I’ve been busy researching GitHub and how Repositories, Forking, Branching and etc. work. It’s a bit confusing at the moment but shouldn’t be too difficult to grasp with a little use.

What I’ve learned – or at least attempted to learn thus far.

Repositories

Repositories are essentially remote servers where you are able to store your working files for various projects – in my case I would be storing html files, css files, javascript and other web development files. Once a repository is created you have the ability to clone it.

Cloning

Cloning is the duplication of a repository – whether yours or someone elses – to your computer locally. Once cloned you can modify the files locally, then on save the Window’s GitHub program will update and give you the option to commit the changes. Here you will input a summary and brief description of the new changes and then commit them and they will be uploaded to the remote repository – this way there is an ongoing record of changes and why the changes were made.

Forking

Forking from my understanding is the duplication of a Repository – personally owned or publicly hosted. Once duplicated you can modify the code for your needs or issue pull requests. Pull requests give you the ability to submit code changes such as a bug fix. If the change is accepted, the original owner of the repository can then merge the change(may be improper terminology here).

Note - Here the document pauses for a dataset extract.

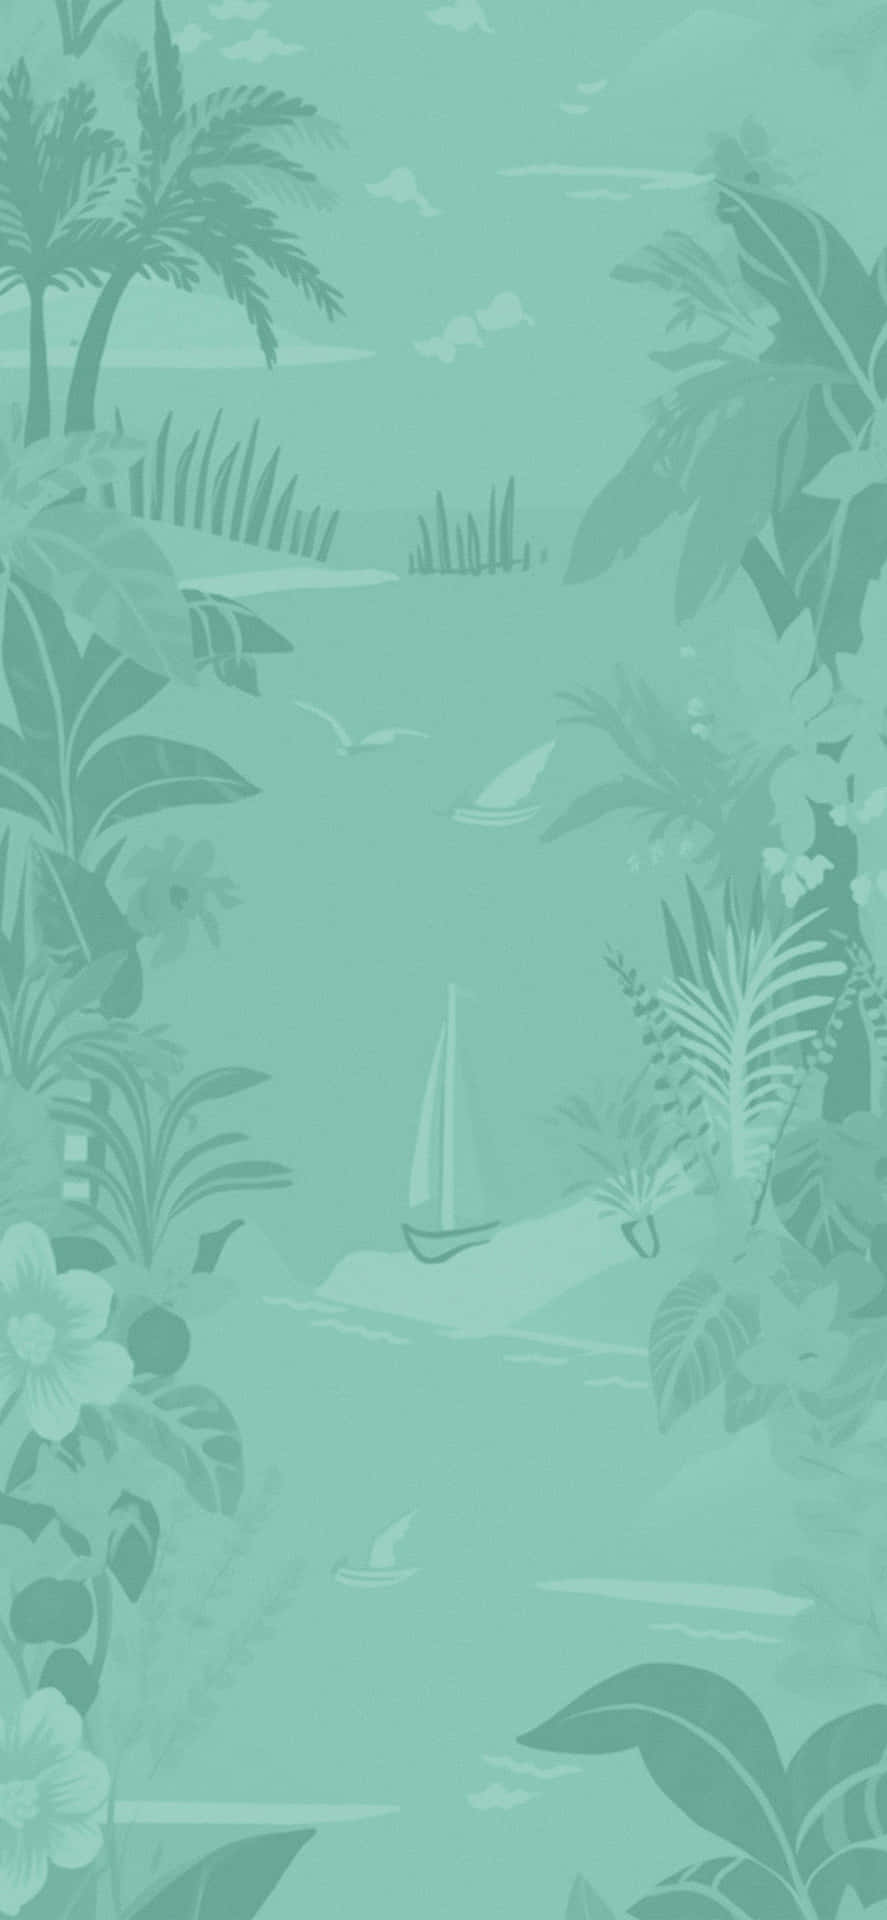 Green Preppy Tropical Background Wallpaper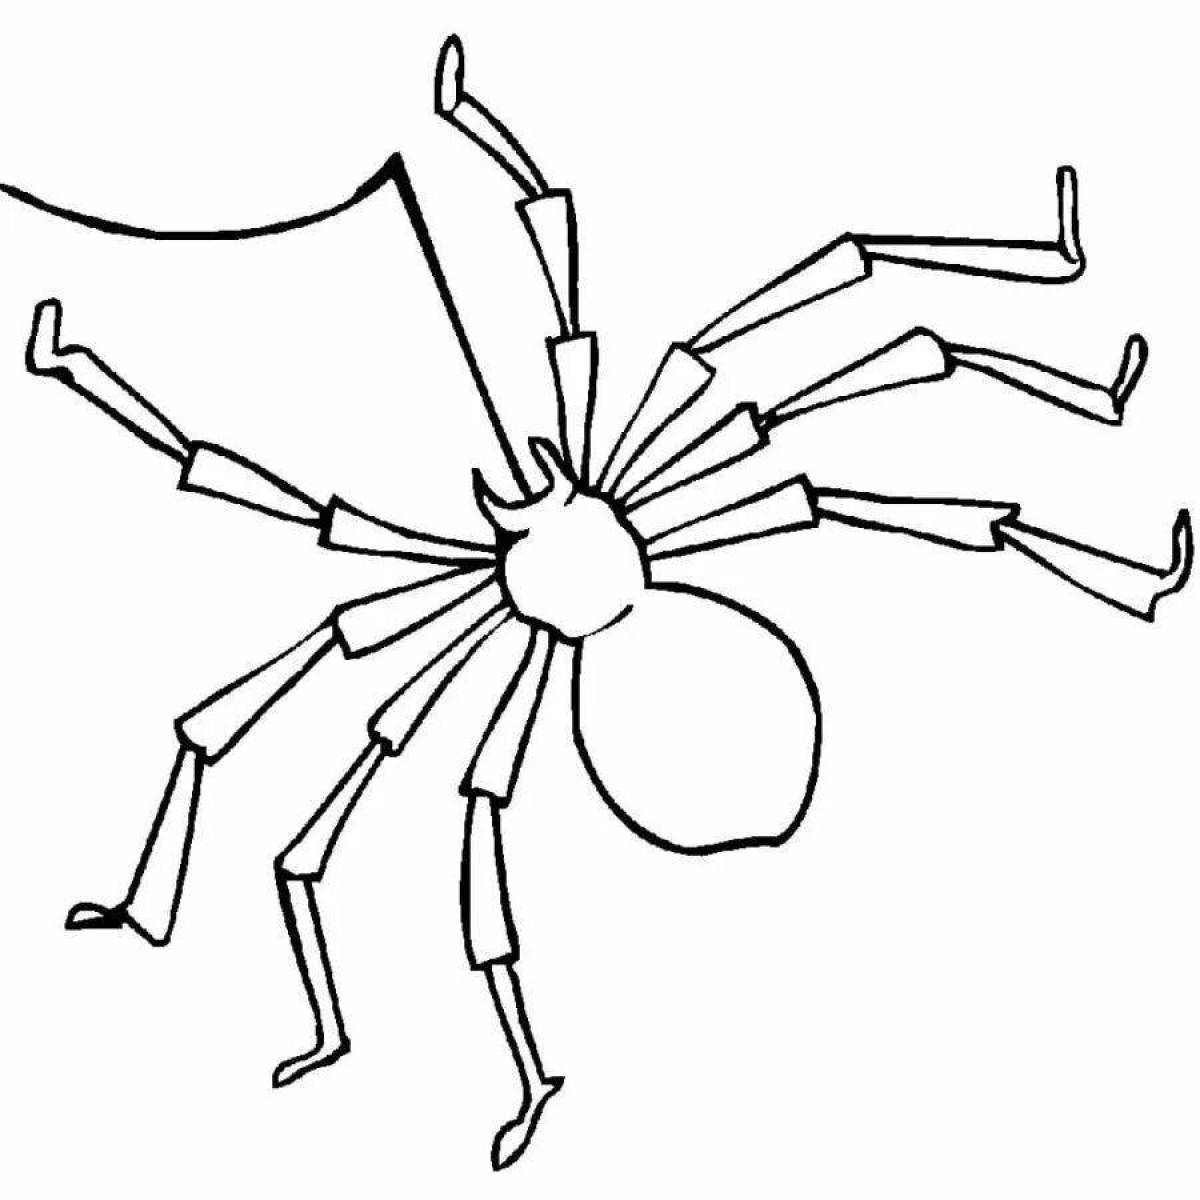 Sparkly spider coloring page for students

Finally we have Branching – for now.

Branching allows you to create a duplicate repository and safely make changes without effecting the master repository. Then if the changes are an improvement, you can merge the branch into the master.

Wrap up.

I have a general grasp of how GitHub works but will need to research further. I believe you can use GitHub at more of a command level, but I have only successfully cloned repositories thus far. Also, I am not sure how branches are effected once you’ve forked a repository.

Conclusion

I still have quite a bit to learn about GitHub, and although I do not push my posts, I would love to receive some corrections or guidance if you happen to pass by.